The whole listing, pictures aside, should be reproduced exactly.

#### Data below

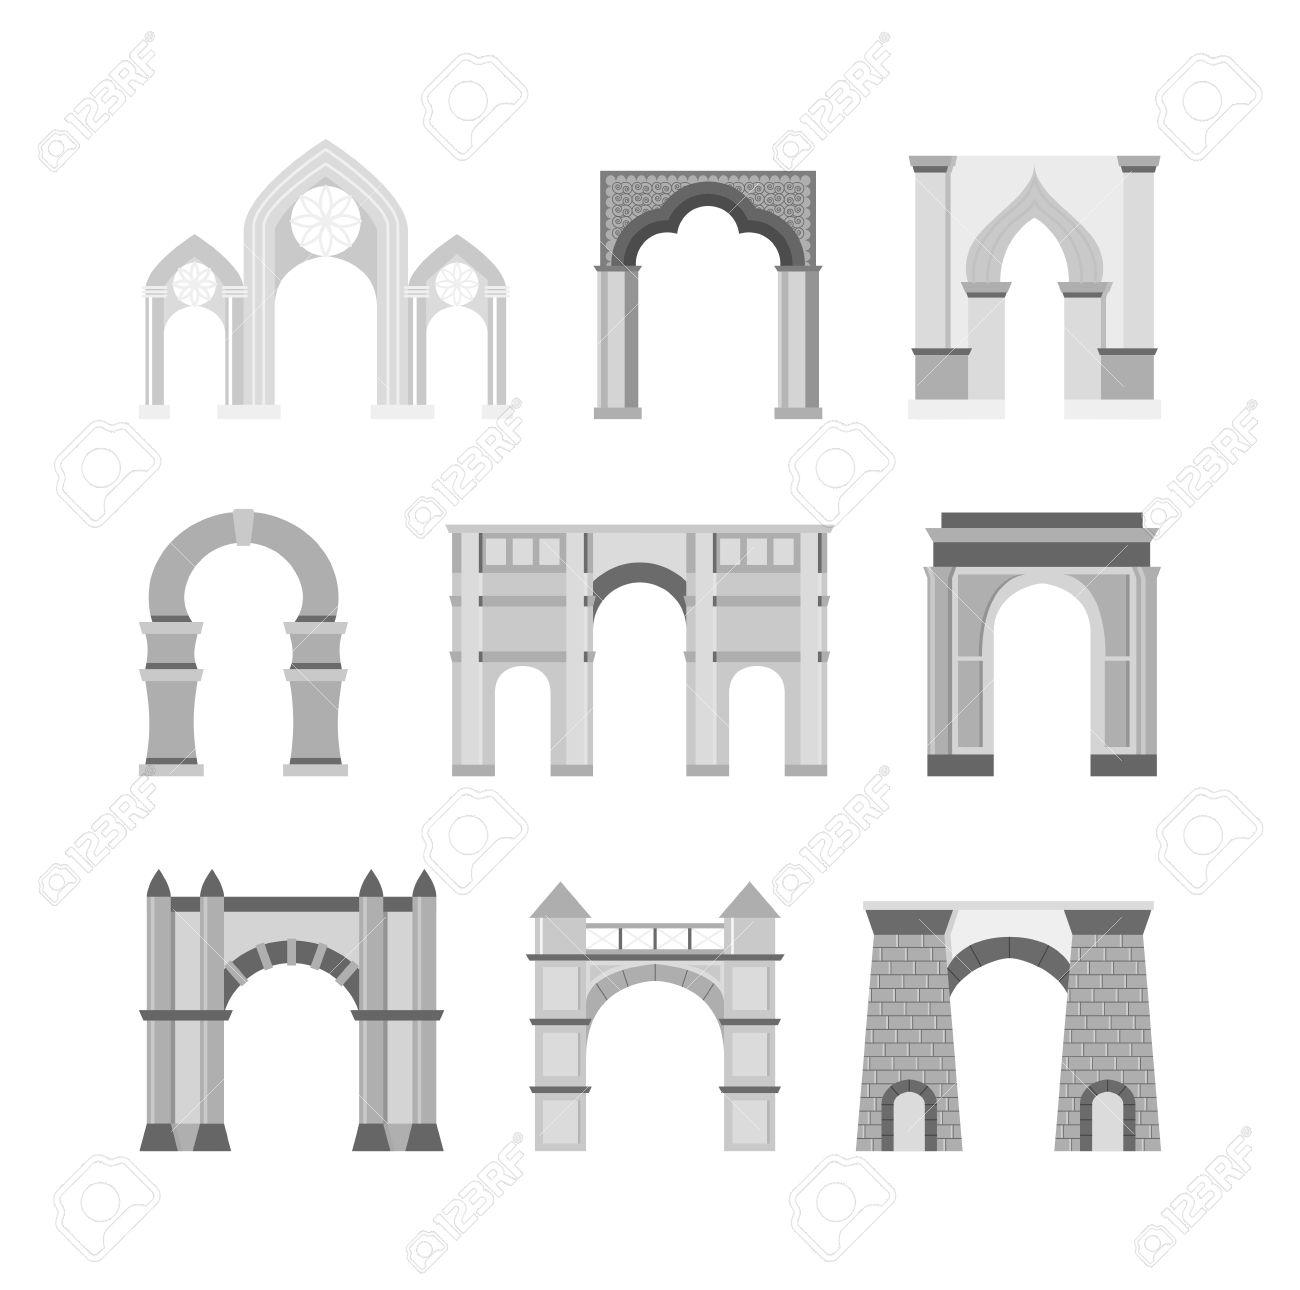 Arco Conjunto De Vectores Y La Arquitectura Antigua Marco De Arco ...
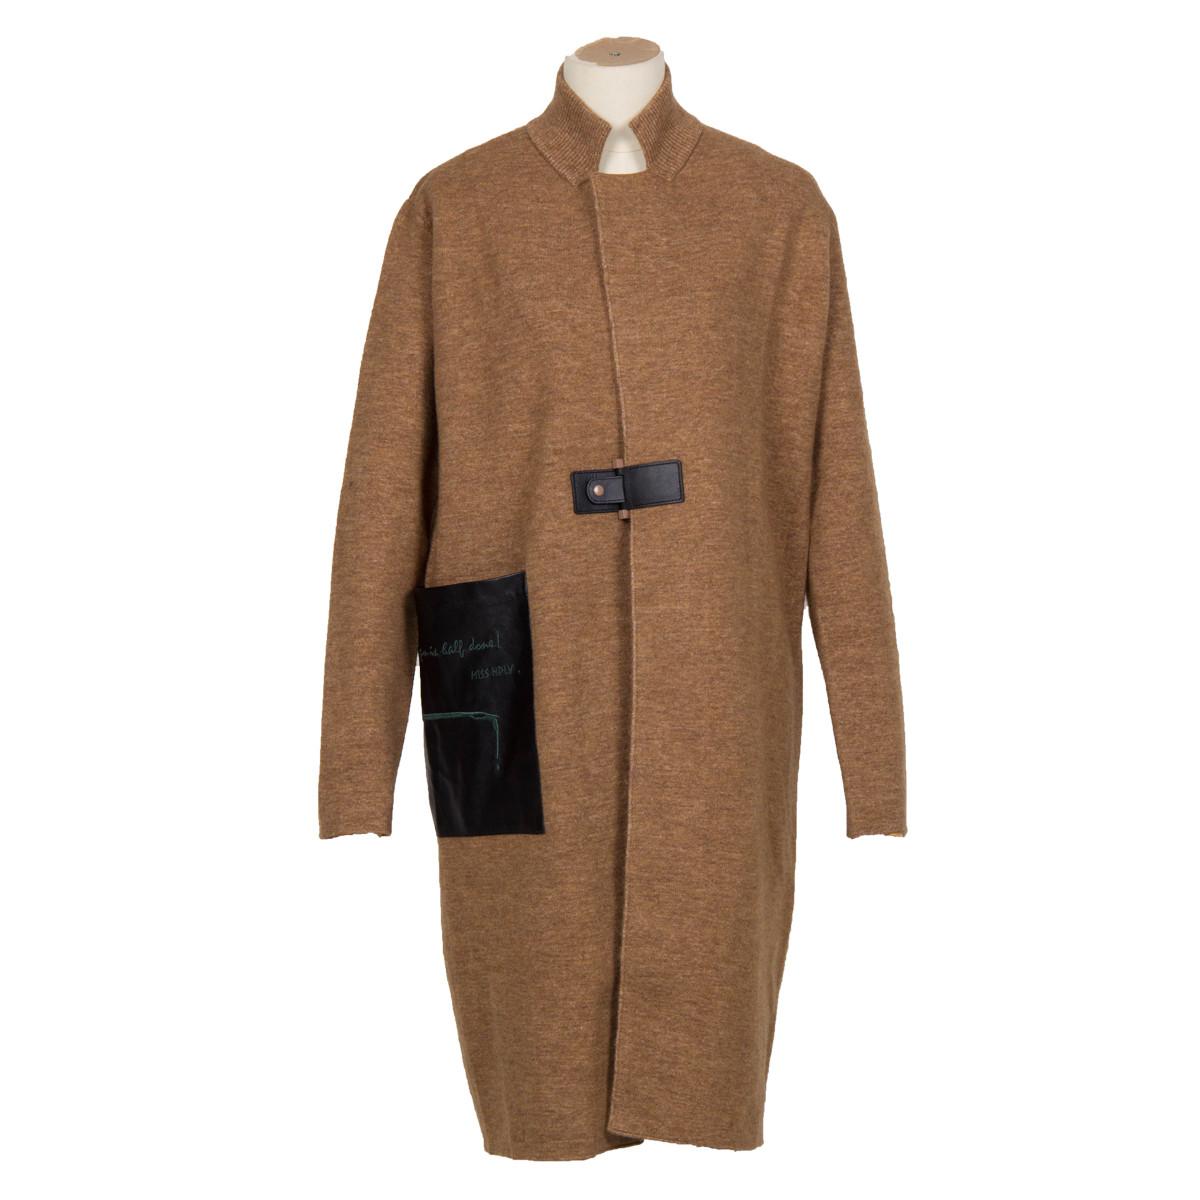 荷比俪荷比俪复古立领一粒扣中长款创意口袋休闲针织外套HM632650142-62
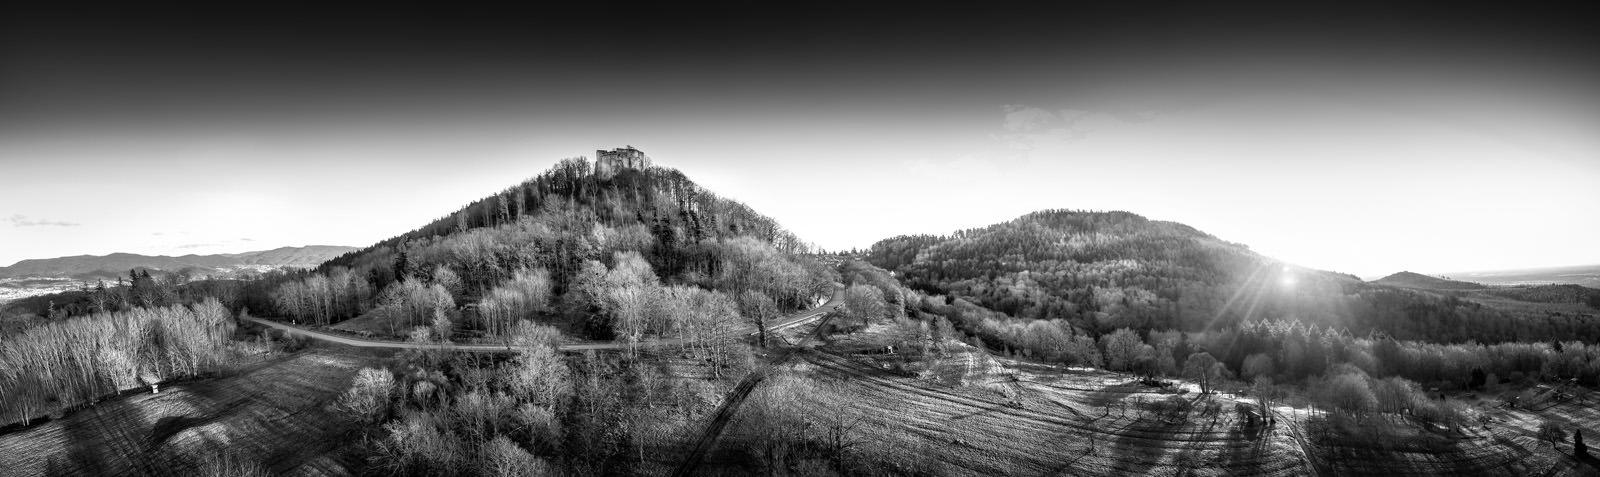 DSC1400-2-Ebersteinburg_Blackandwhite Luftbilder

########

(Response box):
 Arco Conjunto De Vectores Y La Arquitectura Antigua Marco De Arco ...
 荷比俪荷比俪复古立领一粒扣中长款创意口袋休闲针织外套HM632650142-62
 DSC1400-2-Ebersteinburg_Blackandwhite Luftbilder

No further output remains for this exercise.